The pickle fork is essential to the safety of the plane and an in-flight failure could be catastrophic in the worst-case scenario.
A government source says that until the scope of the problem can be understood, it's difficult to tell what corrective actions will need to be taken. It could be anything from visual inspections of all 737NGs, or more unlikely, a grounding of the planes for further inspections. Investigators are deeply concerned about the cracks developing so early on in a the plane's lifespan.
Engineers say the inspection process itself is fairly straightforward and fast. 737NGs are the generation of models made prior to the 737 MAX. The 737NG is the model designated as 737-600, 737-700, 737-800, or 737-900. It started production 1996. The last one rolled off the factory floor this summer in Renton.

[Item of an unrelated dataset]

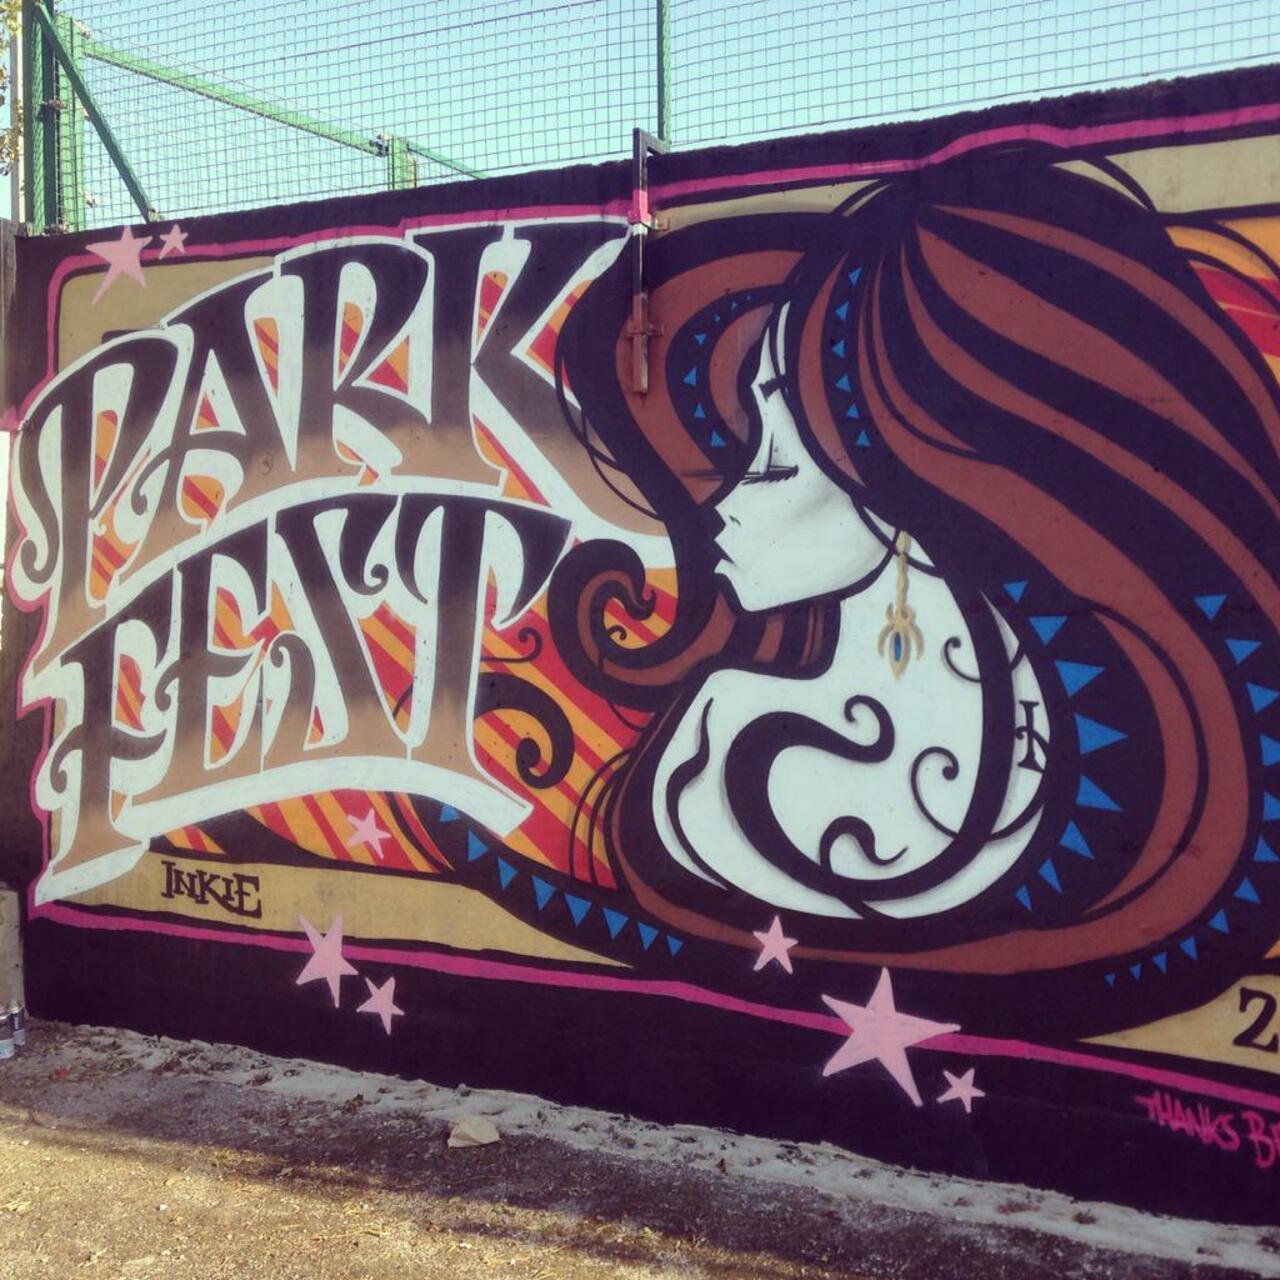 Early bird catches the worm #parkfest #Bristol #graffiti #streetart http://t.co/TZ2KoadXdU
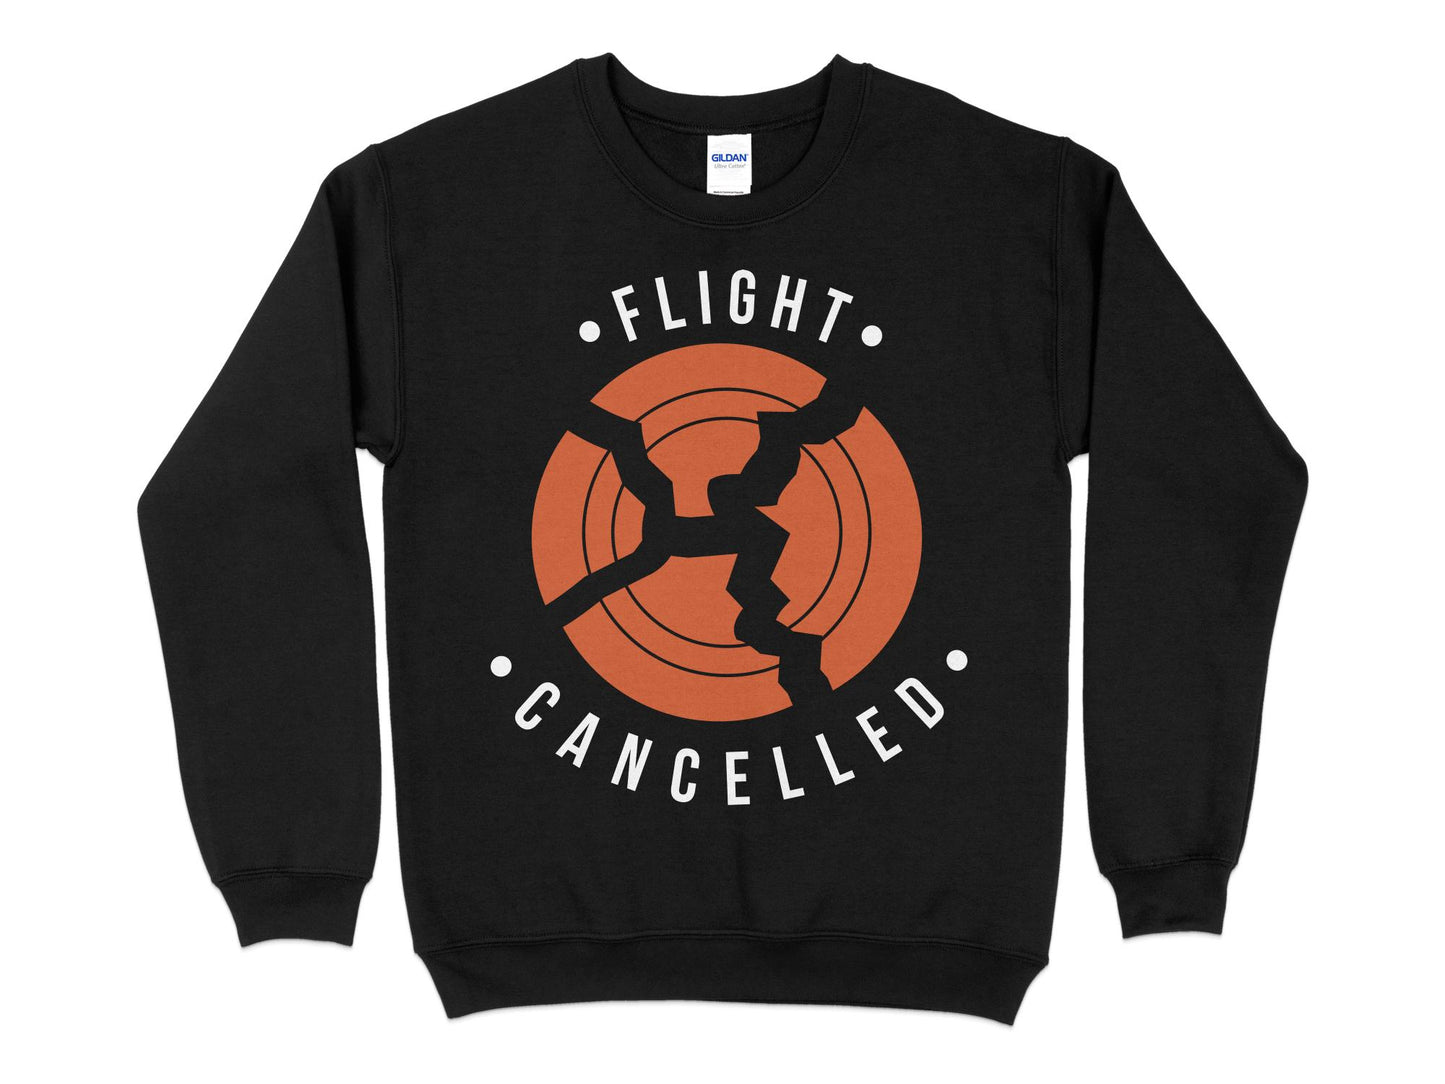 Trap Shooting Sweatshirt - Flight Cancelled, black

Light cracking is occasionally found in pickle forks, but it's very unusual.
Engineers say fatigue cracking, once initiated, grows every flight.
If a slight crack is discovered during a routine inspection, engineers run a scenario for how much they expect it to grow under typical conditions, then re-inspect at prescribed intervals.
"A crack like this is similar to when you see a crack in a coffee cup handle," the retired engineer tells us. "You can likely continue using the cup several more times, but there's always a risk that handle will break off and hot coffee will wind up in your lap."
Teams in Seattle and Washington, D.C are working on this. A source within the federal government says FAA inspectors were excited and happy to get the call from Boeing.
The source says they are "...elated that the bloodline of safety is alive at Boeing." That same source worries about how economic concerns for Boeing impact safety.
Just this week, Boeing re-organized its management structure when it comes to safety. There's even a committee on the Board of Directors now with direct oversight of safety.
Until the extent of the issue is discovered, it will be difficult to determine what maintenance crews will need to do. So far, there have been no government orders for mandatory inspections.
Boeing and the FAA will want to know why the pickle forks are cracking, and why it's happening so early. We're told it could be something as simple as a manufacturing flaw with a small number of planes and not something widespread.
This could be a pain for scheduled maintenance on planes. We're told a "fix" to a pickle fork with extensive of cracking will require mechanics to remove and replace the pickle fork fitting. It stretches around 25% of the circumference of the fuselage. A Boeing 737 has four pickle forks.
The retired engineer tells KOMO the cracks were really surprising, used an expletive, then said, "This is not good news," and added, "It's really urgent to investigate."